From the above graph of $\dot {x} = x - x^{3}$, it's straightforward to sketch the vector field shown below it. The fixed points are $x*$ = -1, 0, and 1. $\dot {x}$ is positive to the left of $x*$ = -1, so the flow is to the right. To the right of $x*$ = -1, $\dot {x}$ is negative, so the flow is to the left. From these two facts, it's clear that $x*$ = -1 is a stable fixed point. Using the same analysis for the other fixed points, we conclude that that $x*$ = 0 is an unstable fixed point and $x*$ = 1 is a stable fixed point.
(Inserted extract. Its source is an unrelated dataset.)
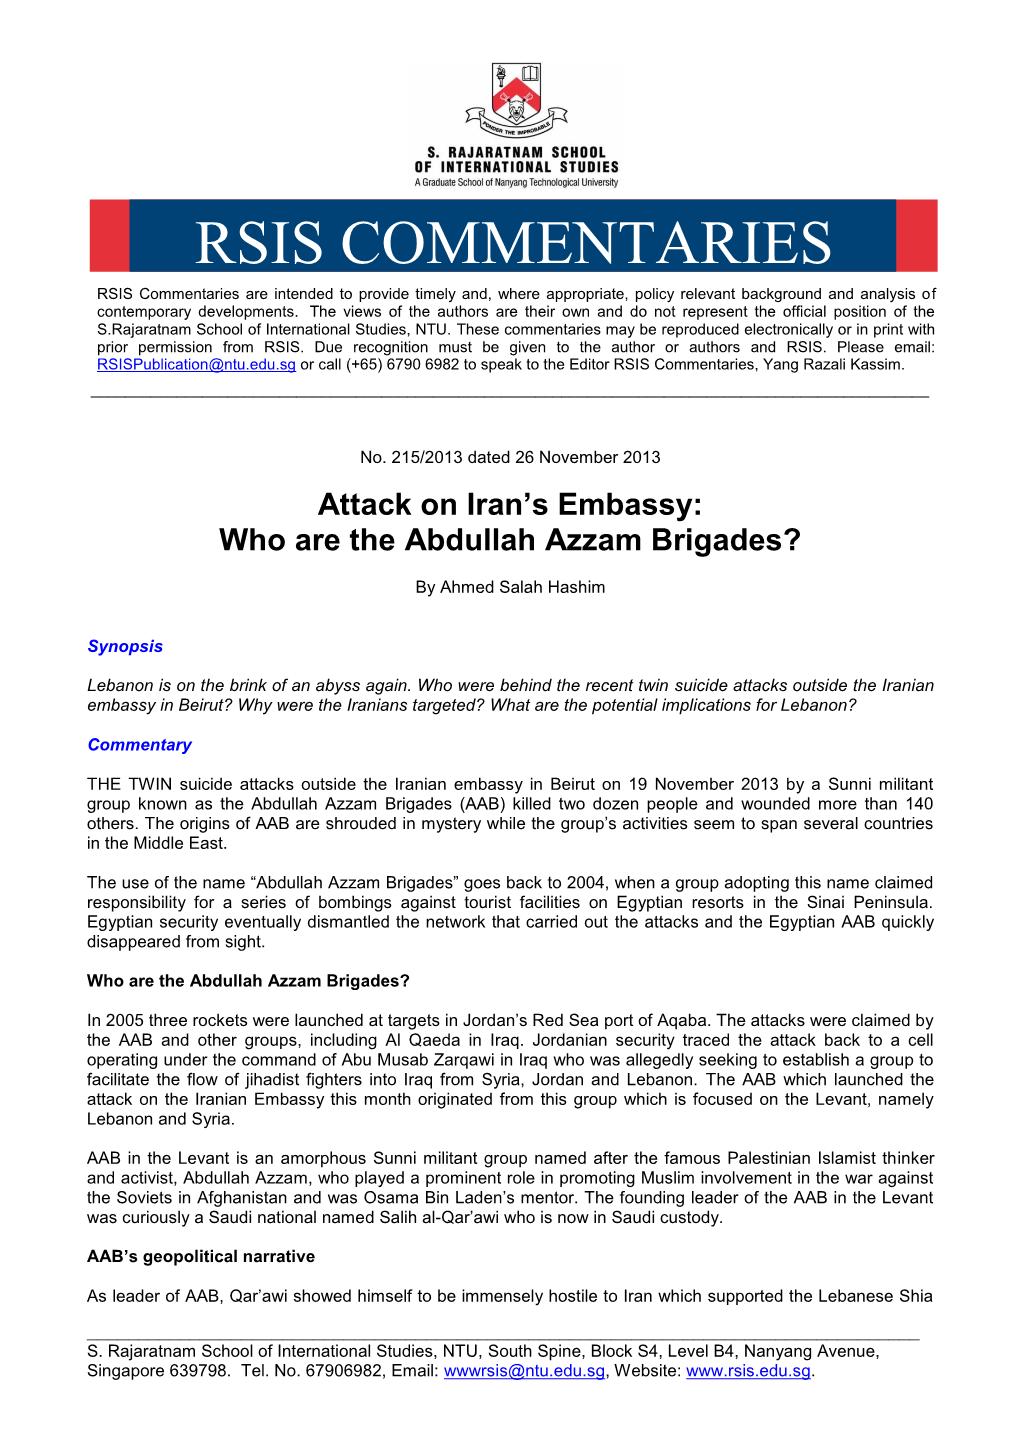 Attack on Iran's Embassy: Who Are the Abdullah Azzam Brigades?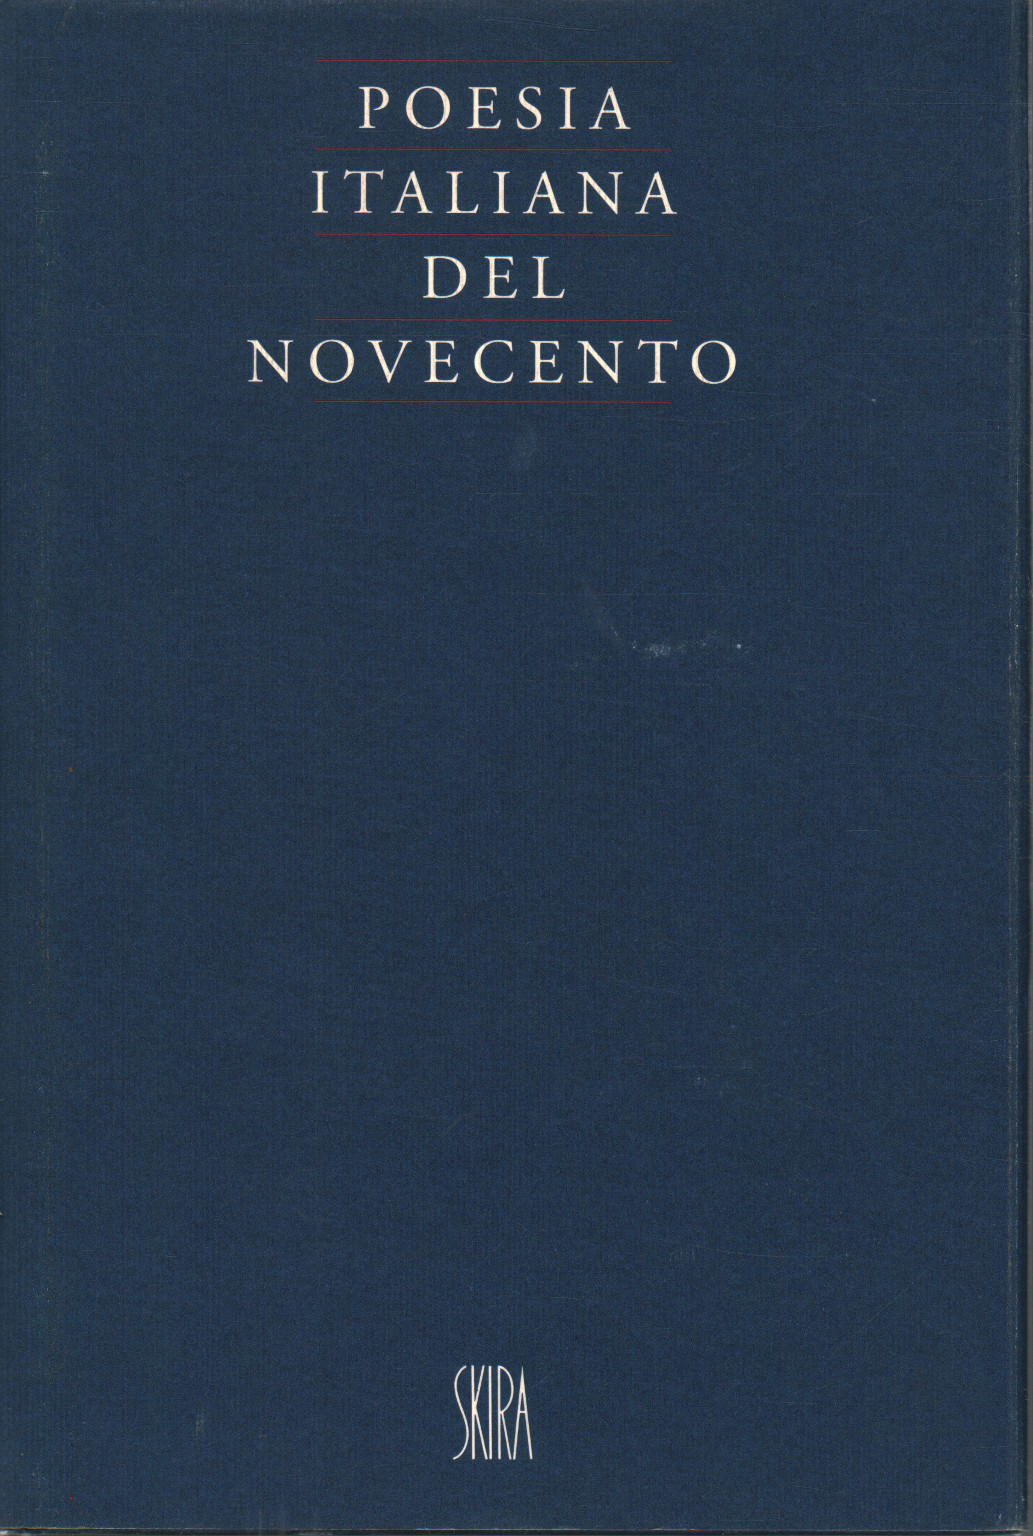 Poesia italiana del Novecento, s.a.

An analytic solution is possible.

$\dfrac{\mathrm{d} x}{\mathrm{d} t} = x - x^{3} = x(1 -x^{2}) = x(1+x)(1-x)$

$\dfrac{1}{x(1+x)(1-x)}dx = dt$

$\displaystyle\int \dfrac{1}{x}dx - \dfrac{1}{2}\int \dfrac{1}{x+1}dx - \dfrac{1}{2}\int\dfrac{1}{x-1}dx = \int_{0}^{t}dt$

$ln\left |x \right | - \dfrac{1}{2}ln\left |x+1 \right | - \dfrac{1}{2}ln\left |x-1\right | + C = t$

$\pm \dfrac{x^{2}}{x^{2} - 1} = ke^{2t}$ (must consider + and - solutions)

$x(t) = \pm \dfrac{\sqrt{k}e^{t}}{\sqrt{ke^{2t}-1}}$

and

$x(t) = \pm \dfrac{\sqrt{k}e^{t}}{\sqrt{ke^{2t}+1}}$

Solutions tend toward $\pm \ 1$ as t goes to $\pm \infty$